研究发现，中国和新西兰在看待和执行领导力的方式上存在差异。通过比较关系概念和Aotearoa所执行的网络，可以发现这两个概念都拥有非正式网络的相似之处，即新西兰人对接纳他人持开放态度，而中国人则对接纳他人持封闭态度(Levy, 2004)。研究表明，虽然非正式的社交网络被用作经营企业和实现社会进步的基础，但新西兰的Aotearoa人通过在经营家庭、分娩和育儿实践中相互支持来支持社区内的其他个人。领导力的对比和比较表明，虽然新西兰各地的个人是开放的，以帮助和支持其他个人，他们的中国同行扩展他们的支持和帮助的基础上关系(Kilkolly profit, 2013)。中国人非常重视关系，因为只有与社区成员和政府的其他企业建立了牢固的关系，成员们才会相互支持。因此，中国和新西兰在领导层内部存在着相当大的差异。不同的领导是存在的，而新西兰的领导人被视为一个好领导人由于他们的表现(Mahuta, 1978)。中国领导人关注的焦点仍然是关系，而不是组织的表现。此外，由于发展强大的关系，领导人被视为模范领导。
It is found that the difference is present within the manner in which leadership is viewed and performed across China and New Zealand. The comparison of the Guanxi concept with the networking performed by the Aotearoa indicates that both concepts holds similarity of informal networking wherein the New Zealanders are open to accommodate others whereas the Chinese are closed to it (Levy, 2004). The research has surfaced that while an informal networking is used as the basis for operating businesses and achieving social progression, the Aotearoa, New Zealanders supported the other individuals within their community through supporting one another in running households, childbirth, and child-rearing practices. The contrast and comparison of leadership has indicated that while the individuals across New Zealand are open to help and support other individuals, their Chinese counterparts extends their support and help on the basis of the guanxi (Kilkolly Proffit, 2013). The guanxi is taken very seriously by the Chinese as the members support one another only when the strong relationship has been developed with the members of community and other businesses along with the government.

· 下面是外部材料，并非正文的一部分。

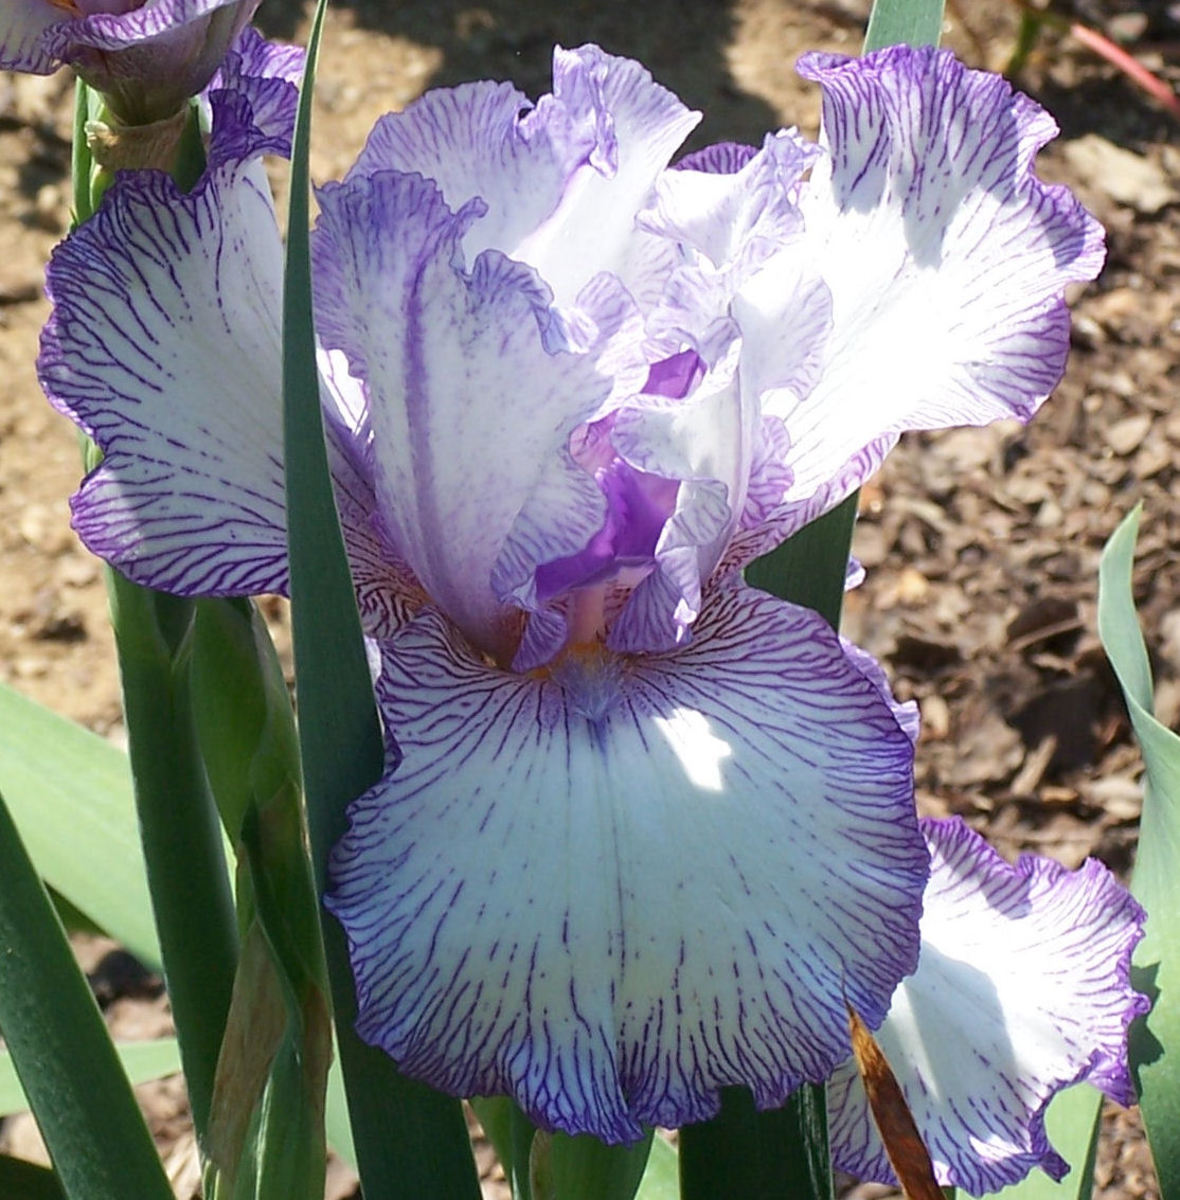 This is one of the few re-blooming irises I had before moving and leaving them behind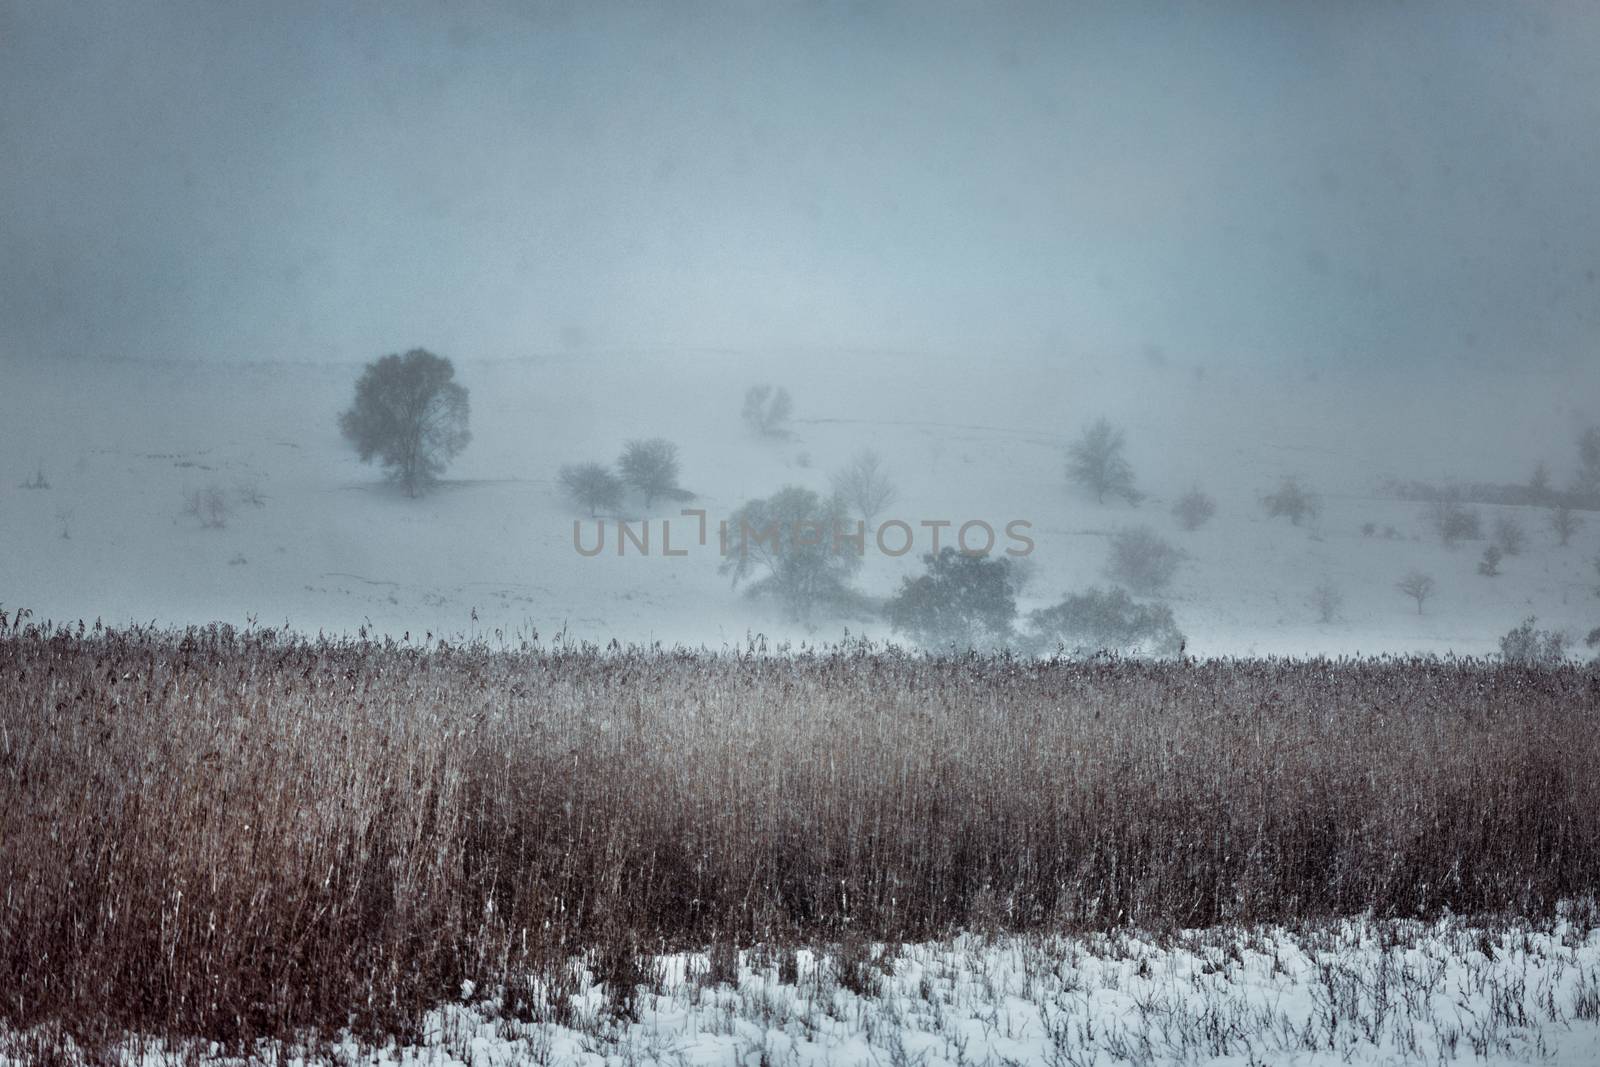 Trees lost in the mist of winter by tadeush89

Hence, there is a considerable difference within the leadership as showed by China and New Zealand. The difference in leadership is present as while the leaders of New Zealand are viewed as a good leader due to their performance (Mahuta, 1978). The focus of leaders in China remains more on the relationships than the performance of the organization. Furthermore, the leaders are seen as exemplary leadership due to the development of their strong guanxi.
The concept of Confucian within the leadership focuses on the harmony and discipline. The concept of Confucianism is inherently a social system and ethical philosophy. This concept was developed by Kong Qiu, a Chinese teacher lived between years 551 BC and 497 BC. The concept was founded from the ancient religious ideologies for the objective of establishing transcendent ideals, social values, and institutions within the traditional society of China (Murphy, 2006). The focus of the Confucian remains on the three values that range from ritual, humaneness, and filial piety. The system enforces the sincerity, improvement of the personal and organizational morality and correction of the social relationships along with the justice. The Confucian concept is critical to understand in context of leadership in China for the purpose comparing it with New Zealand. The leadership in China has adopted the Confucian values wherein the respect for the parents is the first virtue for the leader within the component of filial piety. This is followed by the humaneness wherein the care and concern for others is of paramount importance. This is critical for the leadership and leaders in China since focus on ethical functioning is highlighted than the profit making.